Task to complete: Repeat exactly the lines of the material below that run from the "Forsaken Operator (Image via Riot Games)" line to the "SHARP TV 2T-C32BA21 32inch" line, including both, and do not carry over any pictures.

Supplied material:
>>>
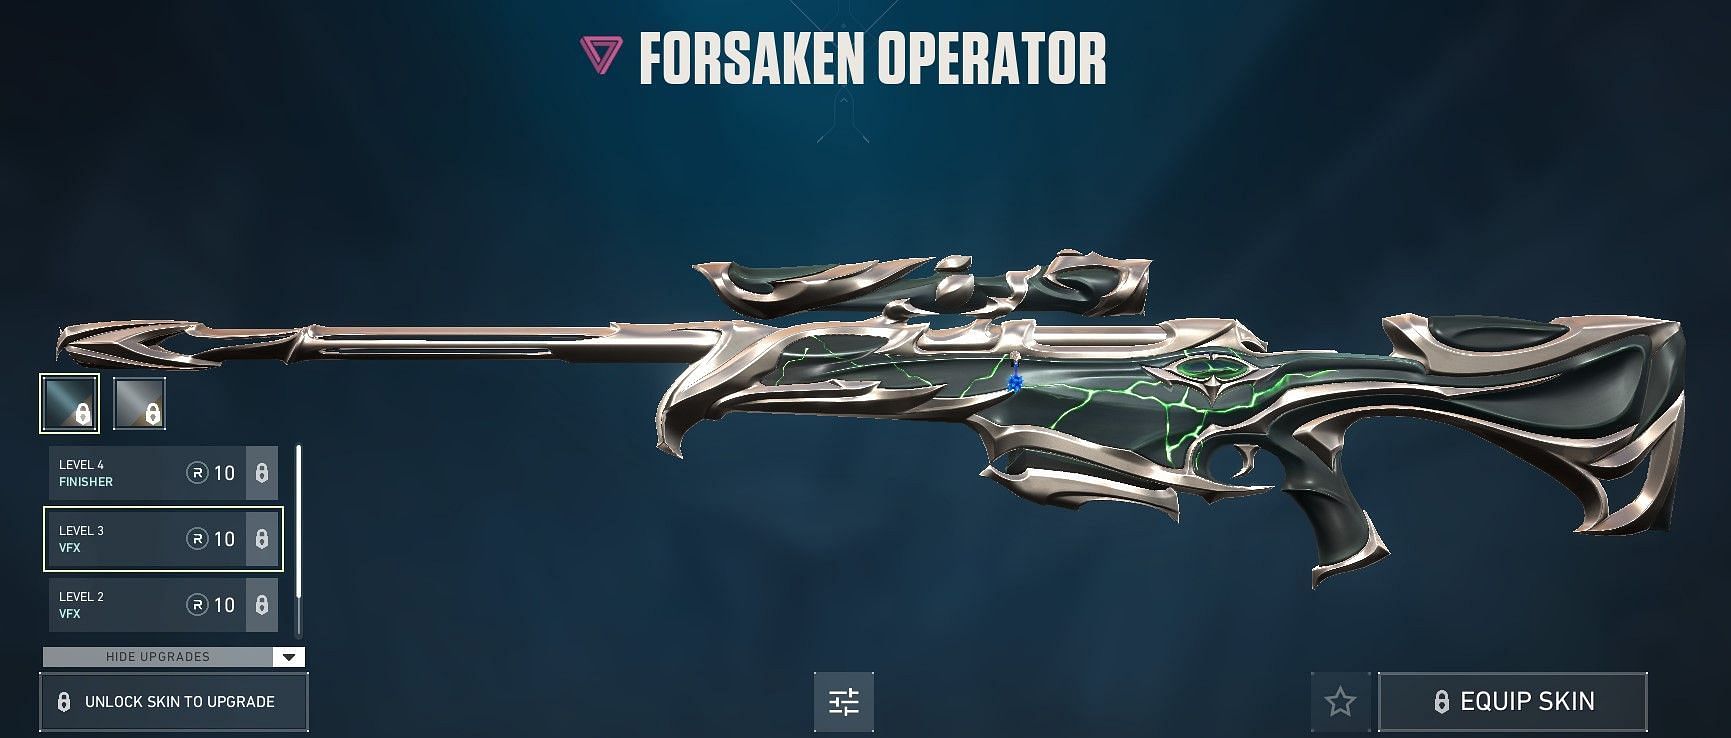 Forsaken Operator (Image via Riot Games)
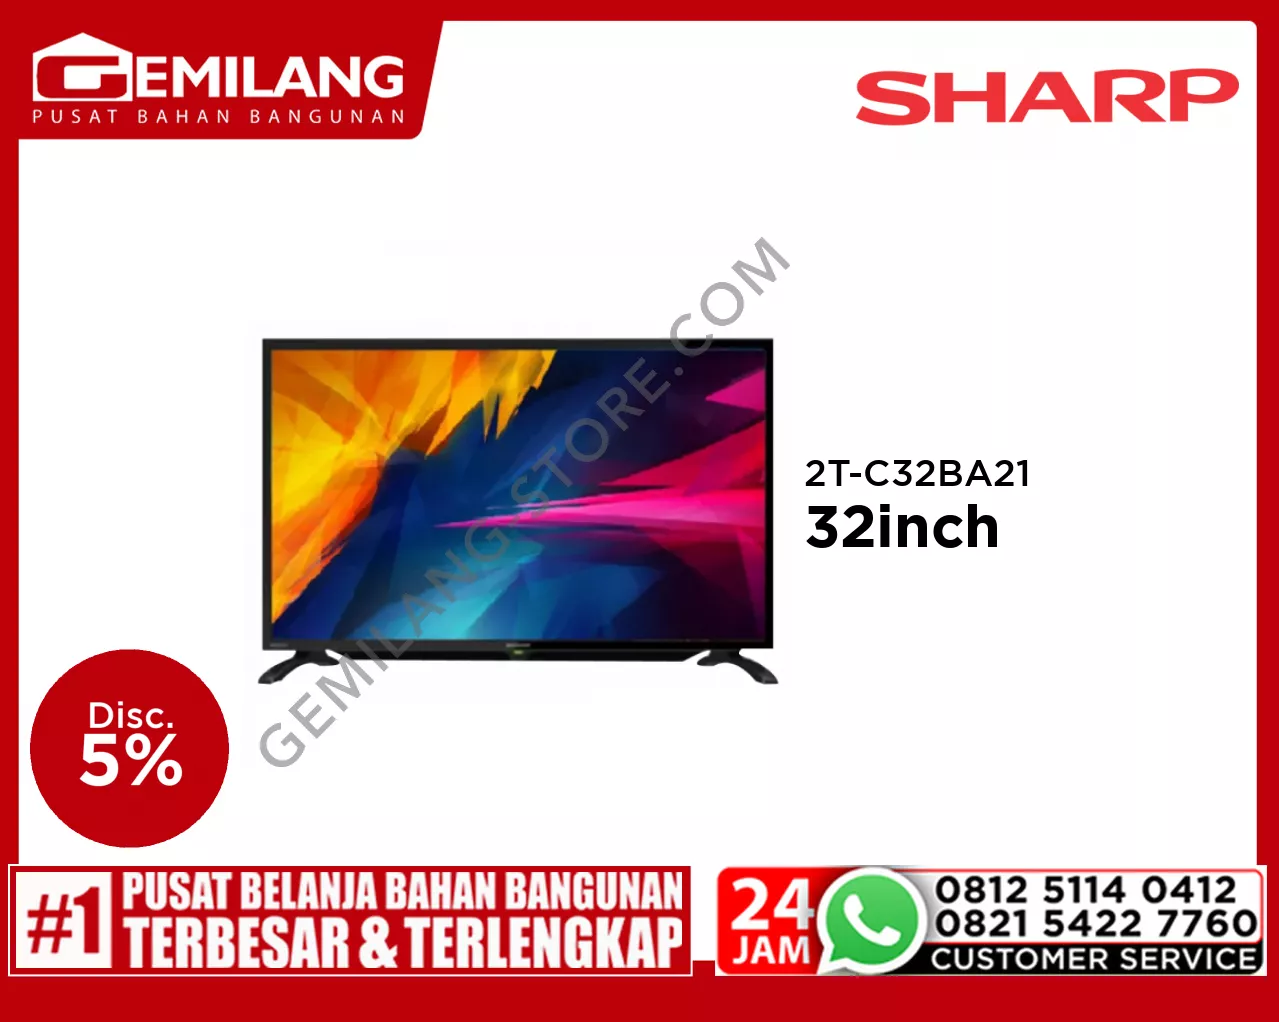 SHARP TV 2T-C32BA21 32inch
<<<
>>>
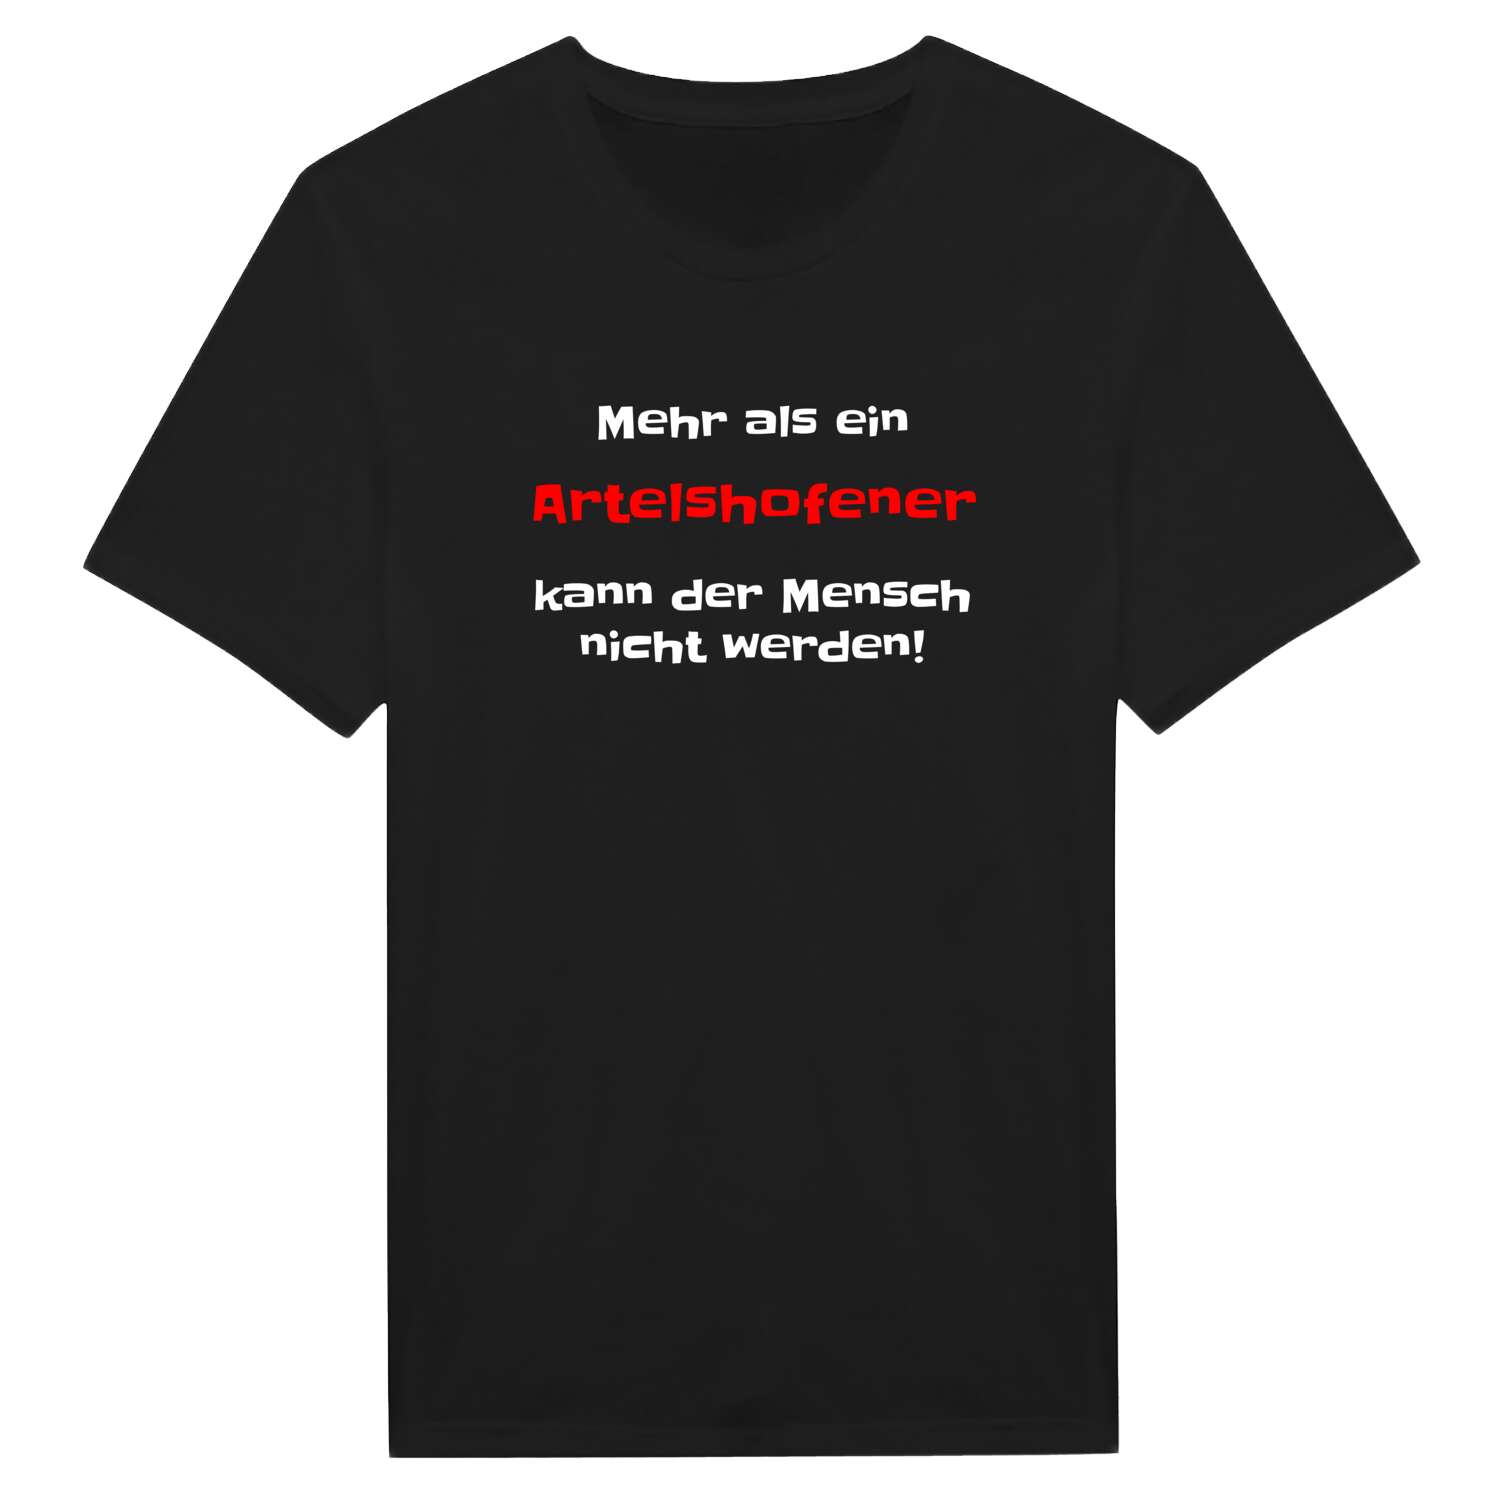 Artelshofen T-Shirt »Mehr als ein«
<<<
Solution to this exercise:
 Forsaken Operator (Image via Riot Games)
 SHARP TV 2T-C32BA21 32inch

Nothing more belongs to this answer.